Regulatory Voids. Institutions are the backbone on which modern societies in all their complexity and sophistication function (North et al., 2009: 13-29; 251- 263). They are the “rules of the game,” and do so by protecting, policing and enforcing rights and obligations in order to enable cooperation. However, the way globalization progressed in recent decades challenges the institutional capacities to provide and act upon such rules. National governments and international organizations increasingly lack the very institutional capacity needed to legislate, control and enforce regulations (Zürn et al 2012). Regulatory voids open up. Such voids denote the systemic underinstitutionalization of policy domains where institutions lack the capacity to deal adequately with the challenges at hand. Global finance, migration, cyber space or climate change are examples of domains lacking appropriate institutional capture to fill regulatory voids, as are international taxation regimes.

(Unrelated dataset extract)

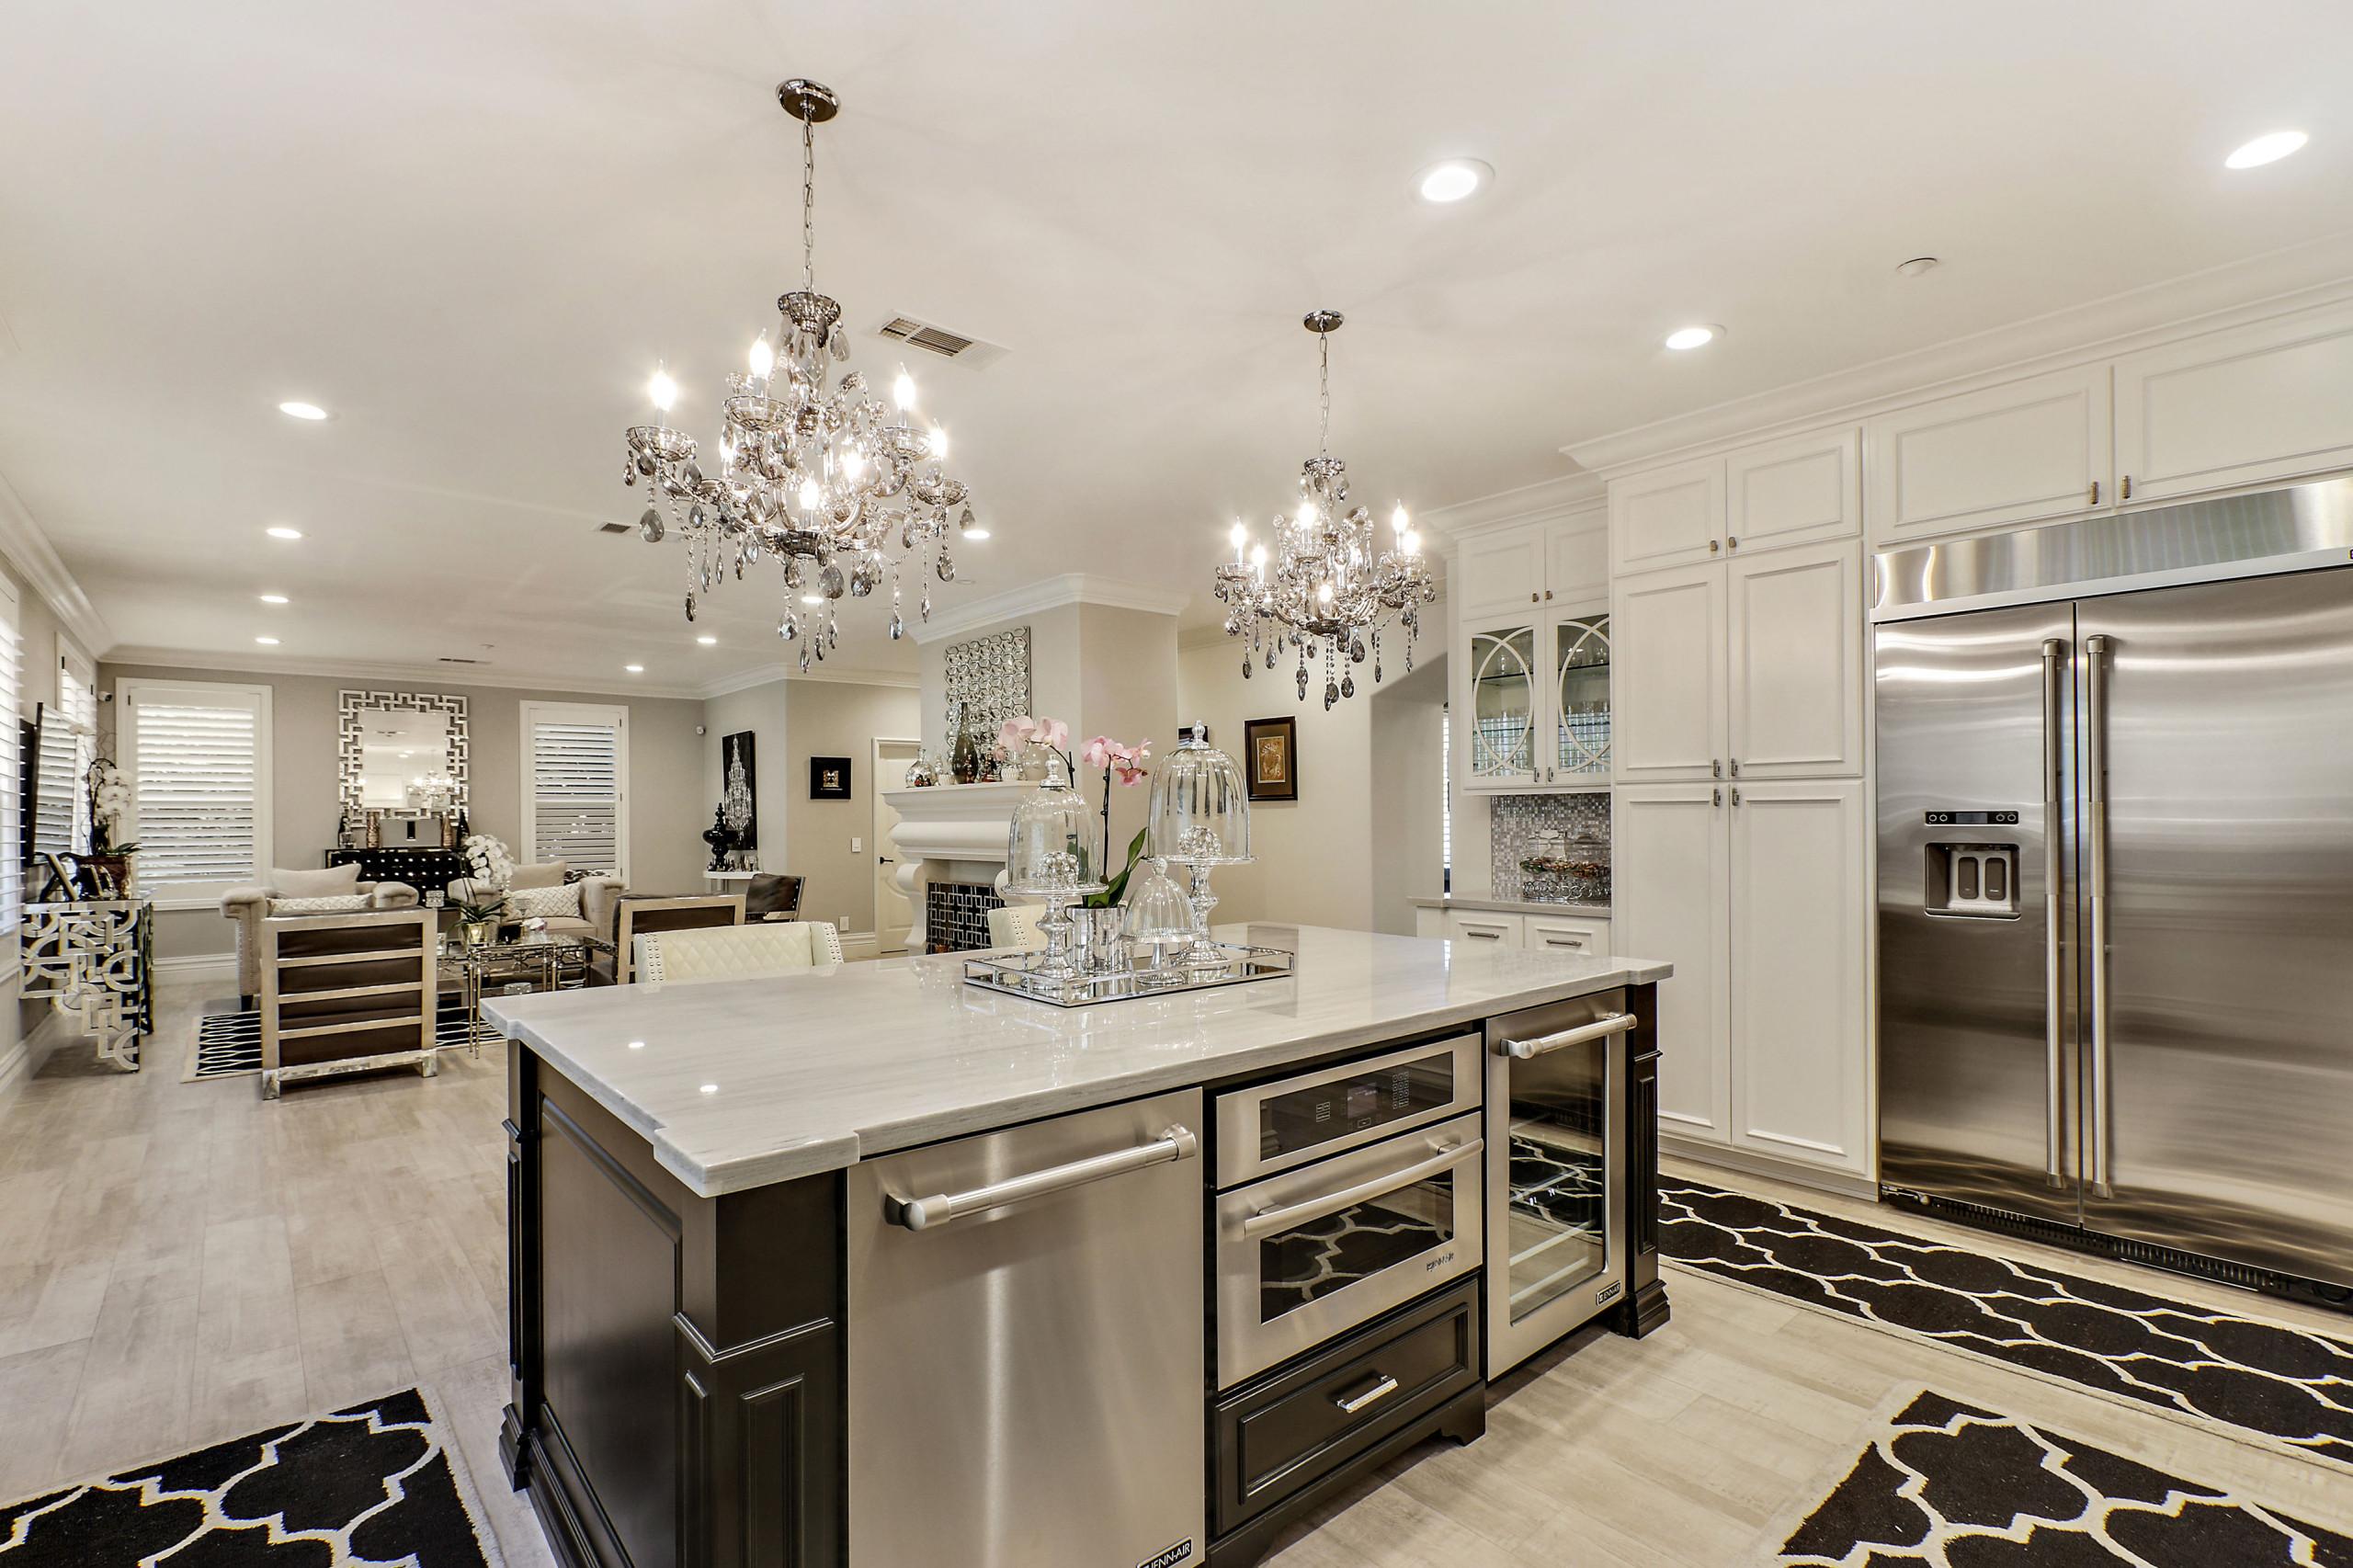 Ebony and Ivory Dream Kitchen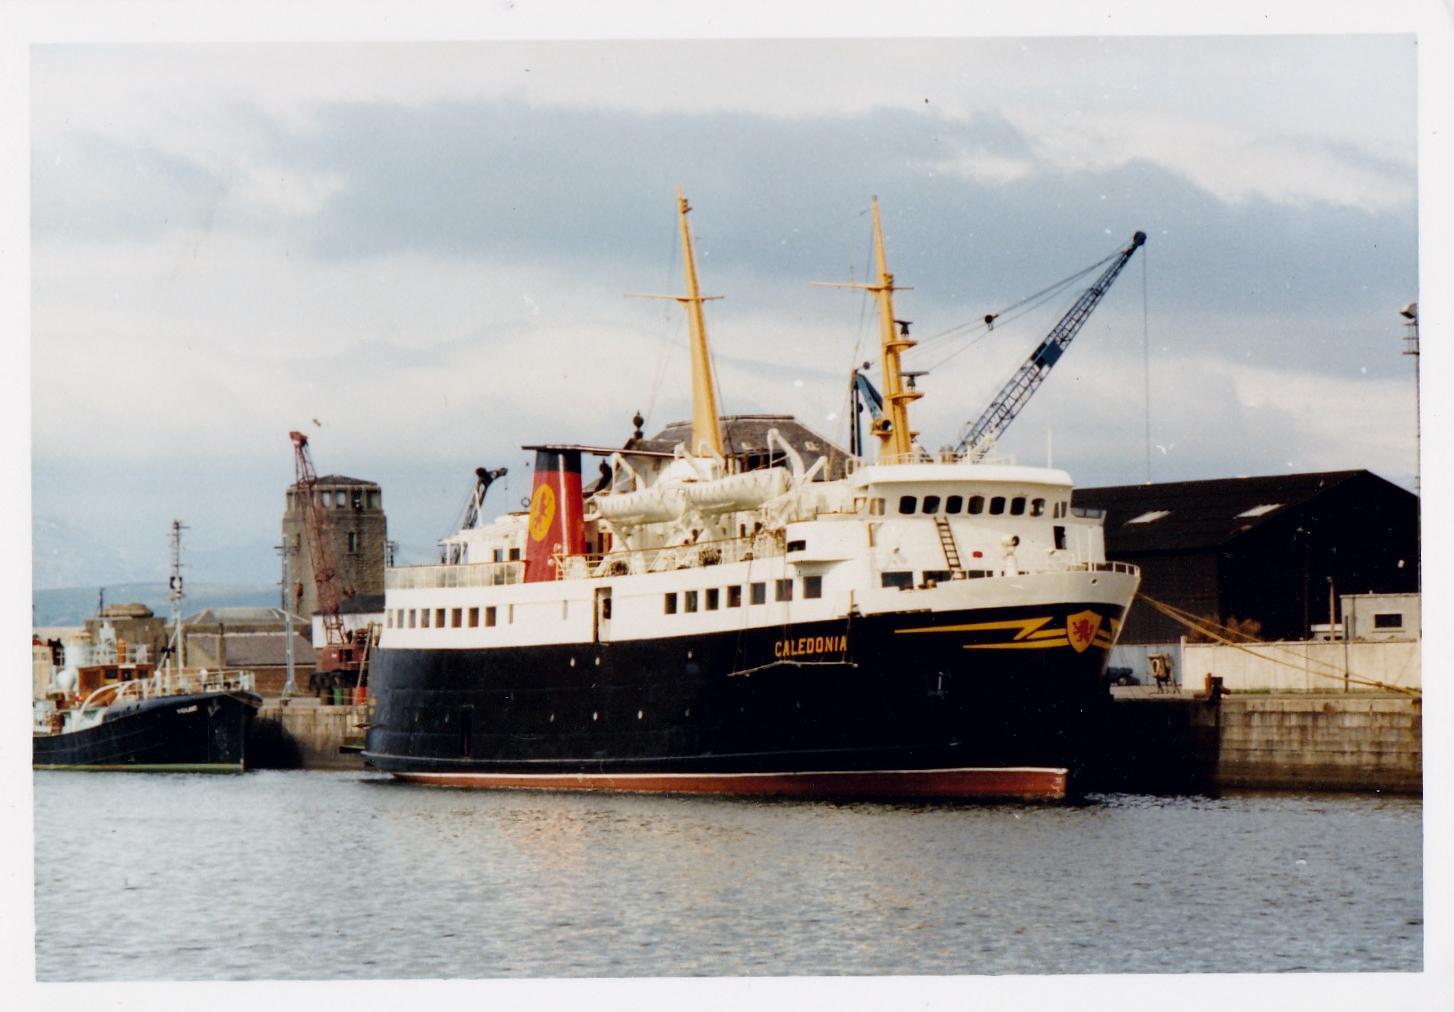 Caledonia in James Watt Dock (Jim Aikman Smith)

The role of CSOs becomes important: they can mobilize opinion, bring governments to impose better rules and play a crucial part in ensuring compliance and implementation by monitoring the behaviour of states and economic actors (Malena et al. 2004; Brinkerhoff and Wetterberg 2016). Yet in several policy fields, CSOs encounter dilemmas that need to be addressed before regulatory voids can be managed. Examples include:

• Migration and refugee rescue operations, e.g., the conflict between humanitarian demands and EU policies blocking Italian ports for NGO rescue ships in the Mediterranean and transferring responsibility for sea rescues to the Libyan coast guard. While CSOs fear the perpetuation of human rights violations through the arrangement with Libya, European policy makers accuse CSO rescue operations of aiding and abetting human traffickers (Stone 2018), leading to a call for a code of conduct for CSOs to stem the flow of illegal migration to the EU. In a similar vein, humanitarian action for illegal migrants along the southern border of the US has recently been subjected to Border Patrol harassment and criminalization (Tomassoni, 2019).

• Finance and taxation, e.g., the role of CSO in exposing tax avoidance by international corporations through tax shaming (Barford and Holt, 2013), pointing to the market dangers of quasi monopolies by FANGs, or bringing corrupt procurement practices of international organisations to the open. ATTAC, the Association for the Taxation of Financial Transactions and Citizen’s Action, for example, is a global network working in this space has been facing challenges to its public benefit status by German tax authorities. More broadly, human rights defenders are increasingly threatened by states protecting business interests or business corporations themselves (UN Working Group, 2017).

• Cyber space, e.g., the proliferation of fake-news and political influence seeking through bots and social media manipulations and CSO efforts to promote free online expression and ensure the safety, openness and trustworthiness of cyberspace.

In these fields and others, actors operate without adequate regulatory capacity and hence guidance, which leaves the influence of dominating interests on national and international regulation within a policy domain largely uncontested. As a result, the negatives of institutional voids (e.g. moral hazard, regulatory capture, profiteering, rent-seeking) continue unabated. What is more, institutional voids can widen through contagion effects or deepen by weakening whatever institutions and organization might exist in the field itself.

 


Proposal

Creating an International Task Force

We propose the establishment of an international task force to address three key questions in the context of a shrinking space, regulatory neglect and voids:

• What are likely trajectories for CSOs over the next five to ten years, especially with changing geo-politics and in transnational policy domains?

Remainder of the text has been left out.